Dataset excerpt ->
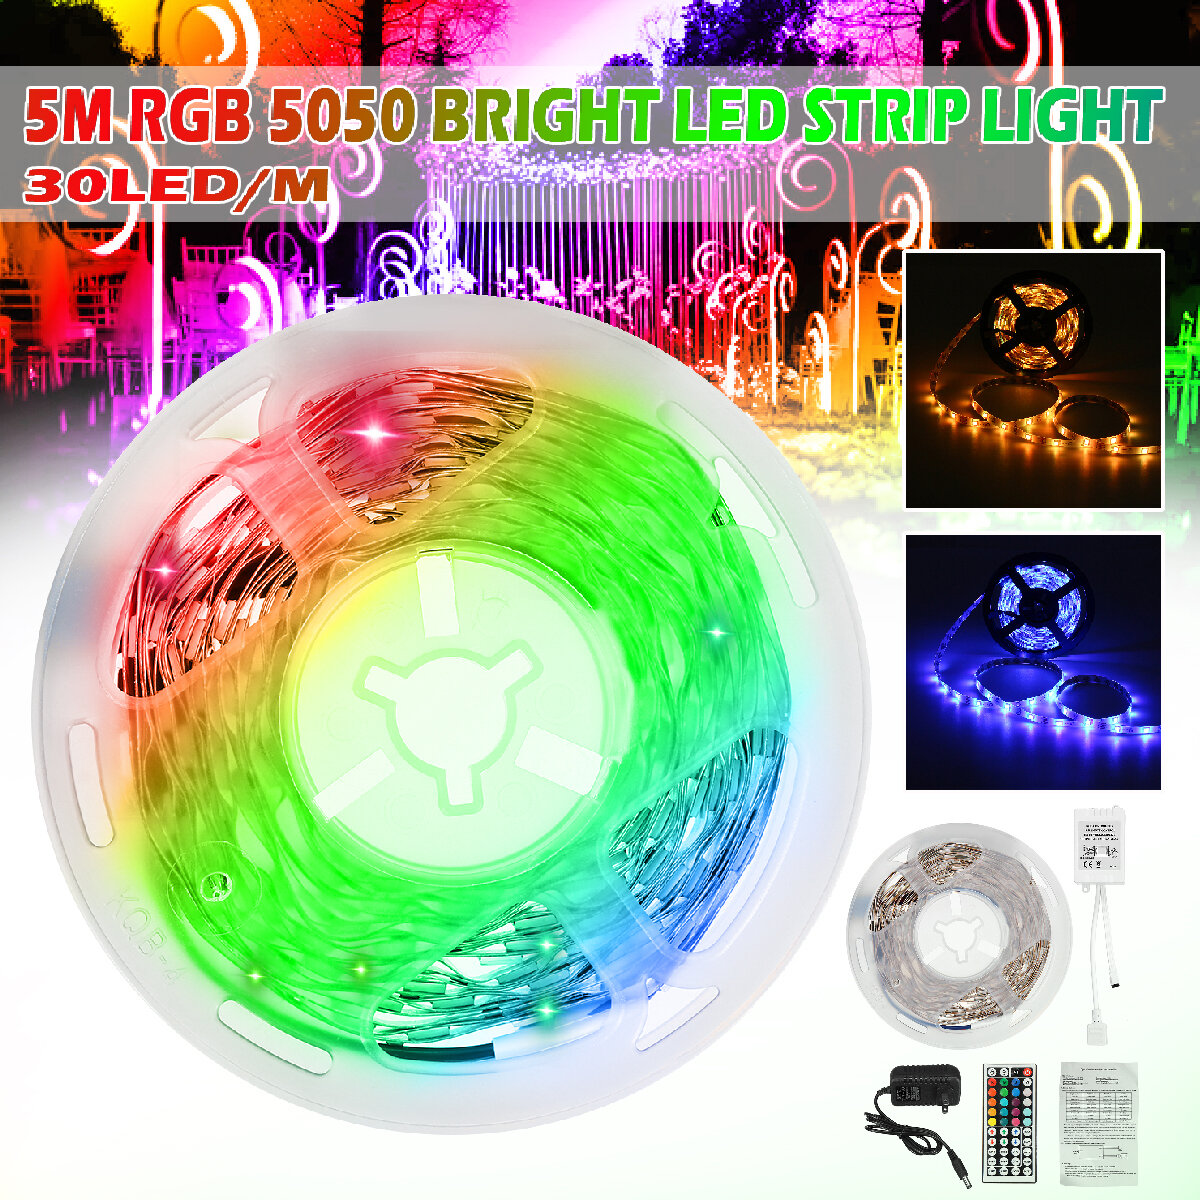 5M RGB 5050 NIET waterdichte LED Strip Light SMD met 44 Key Remote Controller
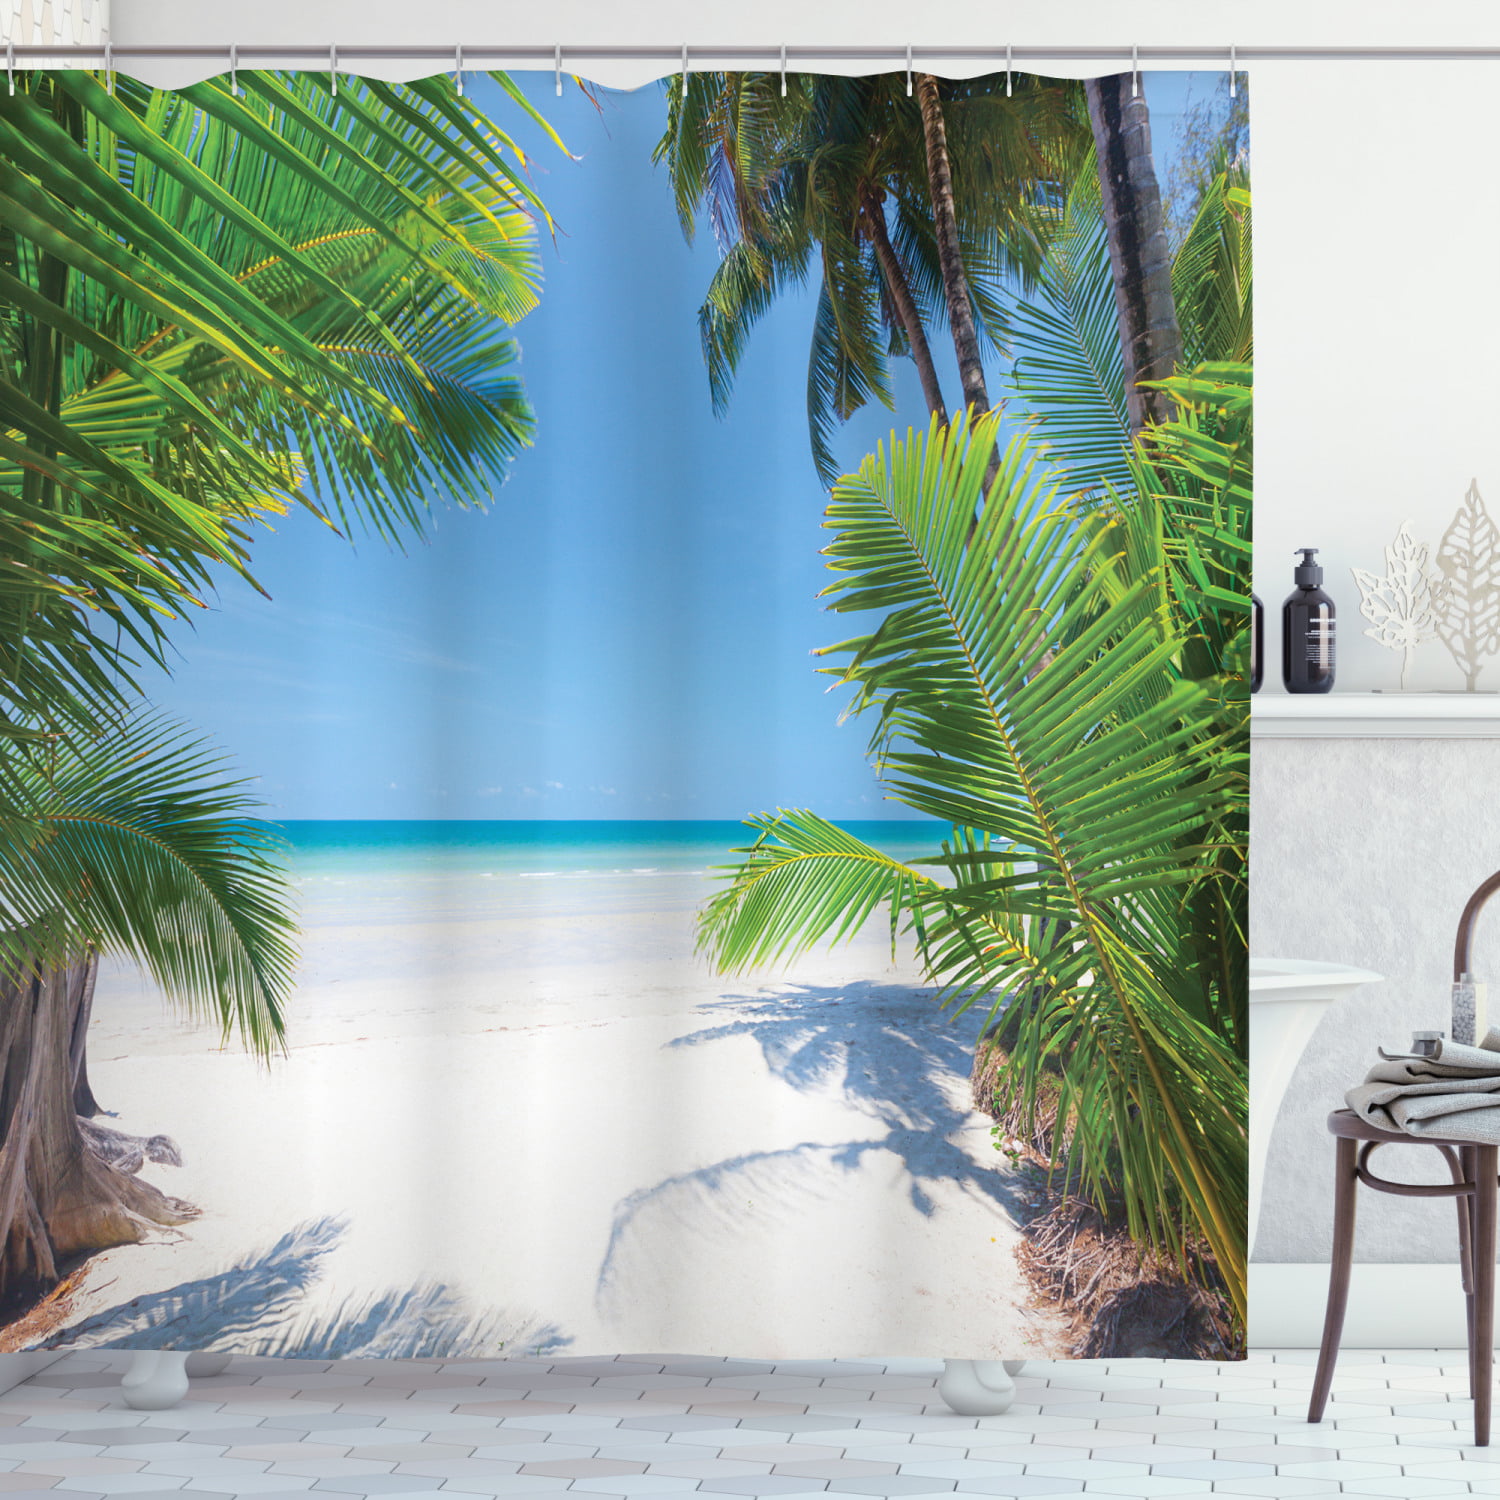 Details about   Sea Beach Vacation Shower Curtain Tropical Landscape Fabric Bath Curtains 
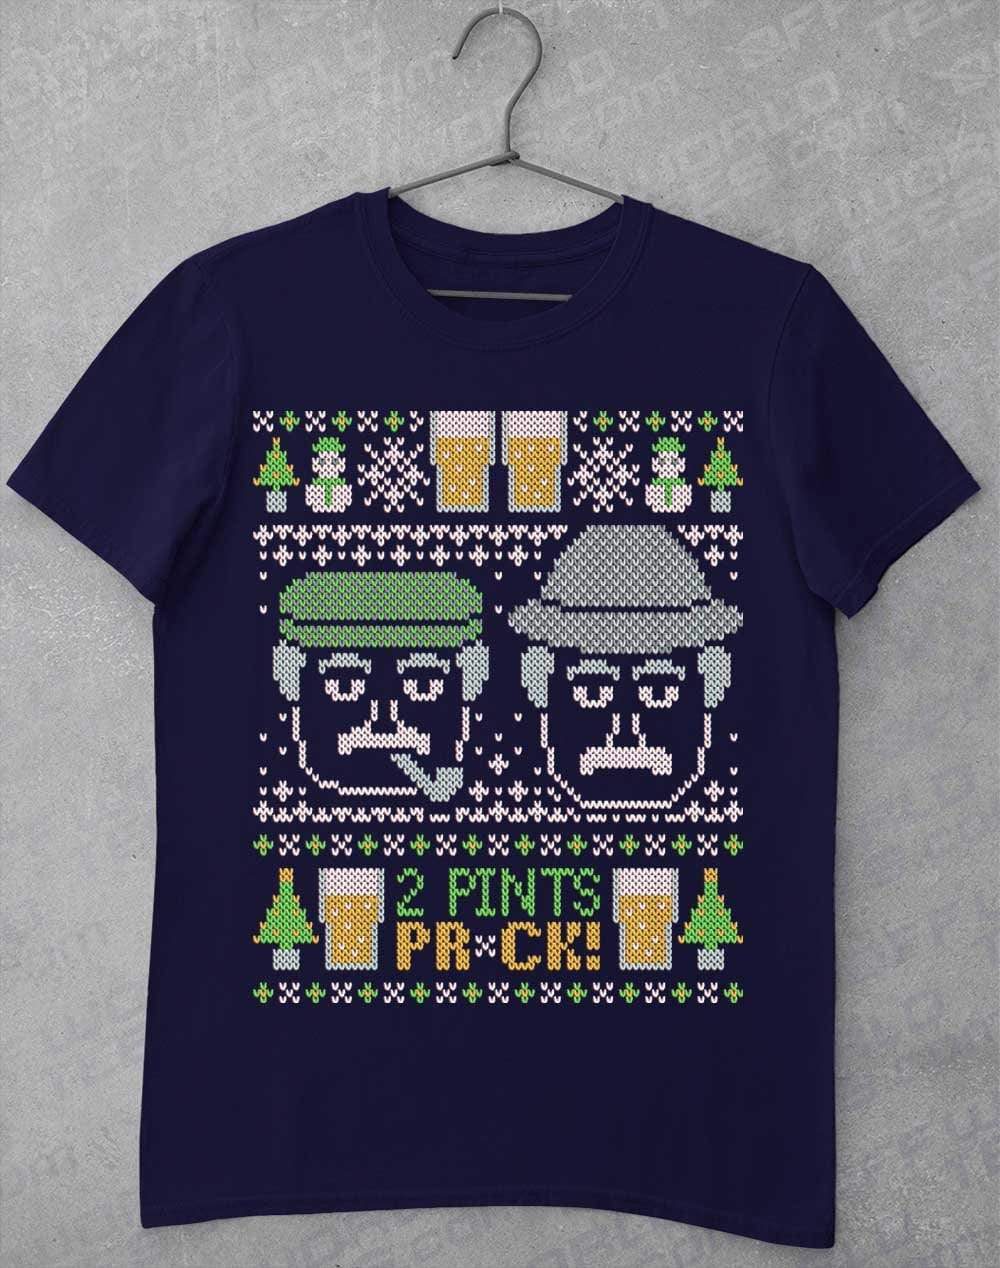 Craiglang Christmas 2 Pints Knit Pattern T-Shirt S / Navy  - Off World Tees

Exercise instructions ->
The reply must consist of the complete listing, reproduced exactly, with no images.

Your solution ->
 5M RGB 5050 NIET waterdichte LED Strip Light SMD met 44 Key Remote Controller
 Details about   Sea Beach Vacation Shower Curtain Tropical Landscape Fabric Bath Curtains 
 Craiglang Christmas 2 Pints Knit Pattern T-Shirt S / Navy  - Off World Tees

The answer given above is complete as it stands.